# New Fish supply store???



## stlove1 (Dec 19, 2010)

I was in New West the other day at 5th and 12th and noticed that someone's setting up a new aquarium store. Not sure if they're sponsor's on here but does anyone know anything about it?


----------



## Ra's al Ghul (Apr 28, 2010)

Keans aquatics, 604-528-9971 there going to sell used equipment as well


----------



## onefishtwofish (Apr 21, 2010)

maybe this is Albert and Eric? they had been talking about it a while back.


----------



## couch (Apr 22, 2010)

It is Eric's new store.

Rich


----------



## stlove1 (Dec 19, 2010)

couch said:


> It is Eric's new store.
> 
> Rich


Eric's probably the most knowledgeable person around in regards to fish. If we're talking about Eric that use to work at the fish store on scott rd.


----------



## April (Apr 21, 2010)

It's not his store..some guy named bill. I believe Eric will be working there ......so I hear.


----------



## guppygeorge (Sep 6, 2010)

April said:


> It's not his store..some guy named bill. I believe Eric will be working there ......so I hear.


I think you got it correct April. I believe the owner's name is "Bill" and Eric Talson is the manager.

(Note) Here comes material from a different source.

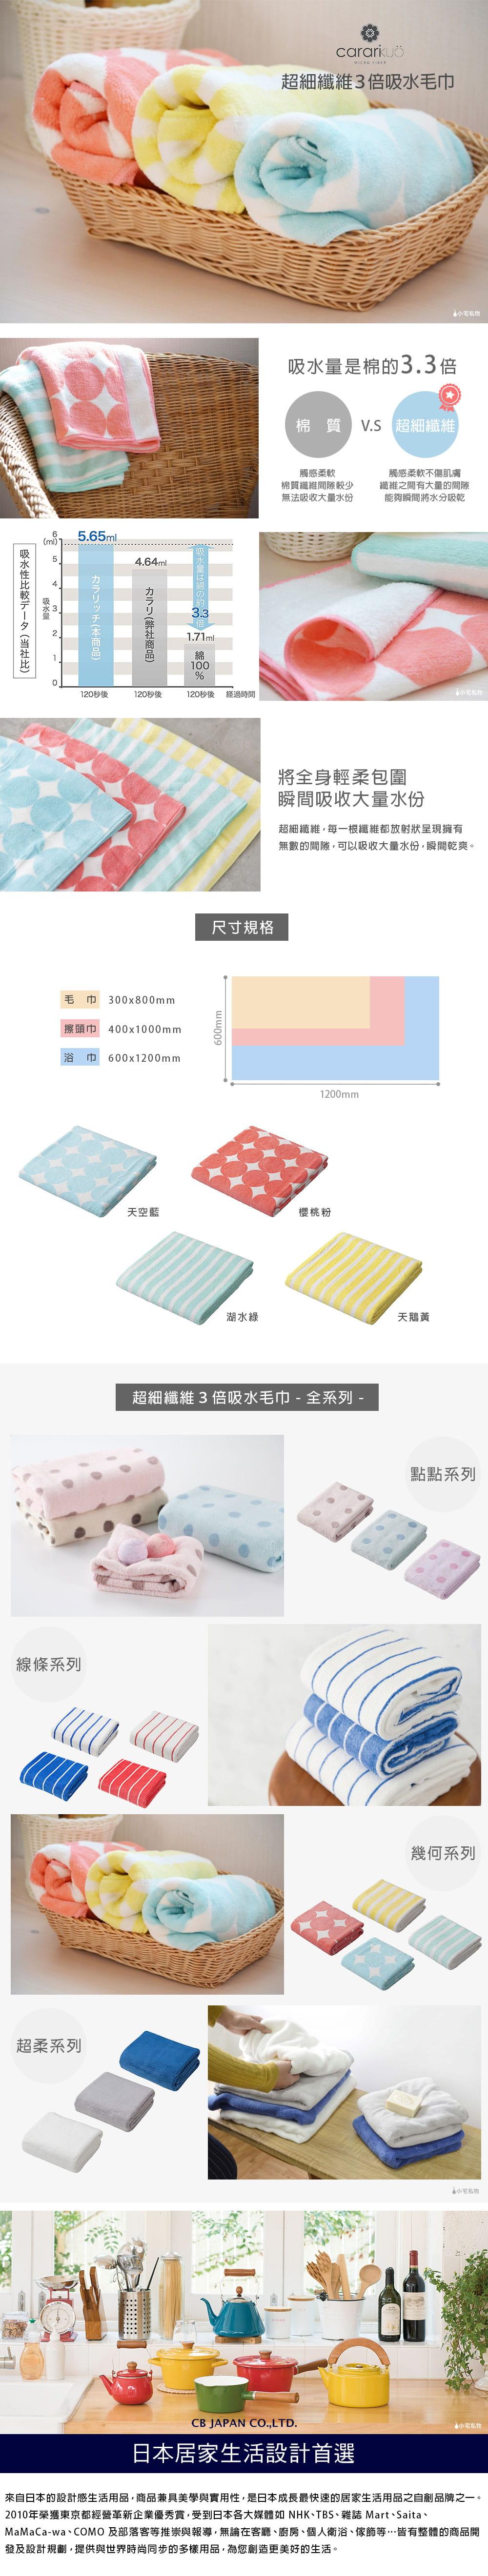 CB Japan 泡泡糖 幾何系列 超細纖維3倍吸水擦頭巾 - 天鵝黃

The name of the store is "Keana's Aquatic".


----------



## stlove1 (Dec 19, 2010)

Just dropped by the store while in New West today and Eric has a lots of African cichlids and used equipment as reasonable prices. Depending what you're looking for you may find what you've been looking for. Worth the visit


----------



## Blackbar (Apr 23, 2010)

I talked to Eric today. Right now he has over 20 varieties African Cichlids, including peacocks, electric yellows, electric blues and red zebras. Also has some nice endlers and a breeding pair of red shoulder severums. The Africans are selling $10 for a trio. Nice fish!



stlove1 said:


> Just dropped by the store while in New West today and Eric has a lots of African cichlids and used equipment as reasonable prices. Depending what you're looking for you may find what you've been looking for. Worth the visit


----------



## chobes (Mar 22, 2011)

It's closed any one know why


----------



## Diztrbd1 (Apr 21, 2010)

if im not mistaken.....they went out of business already


----------



## badrad (Aug 6, 2012)

i spoke with Eric on his moving day, and he said the landlord upped the monthly to an unreasonable amount. The next door tenant had already moved, and probably the landlord either wanted to cover his rental shortfall, or he just wanted to squeeze everyone out to redevelop that property.


----------



## fishdragon (Nov 8, 2010)

Has Eric found a new place ?


----------



## badrad (Aug 6, 2012)

not as yet, but him and Albert are doing garage sales every non-rainy Saturday. He is around the Lougheed Mall area, and he said they put up tons of posters that show locations and time.


----------



## Diztrbd1 (Apr 21, 2010)

kinda funny, when you google Alberts place with satellite view you can see its a yard sale there lol He's right around the corner from me, I will have to get by there again soon


----------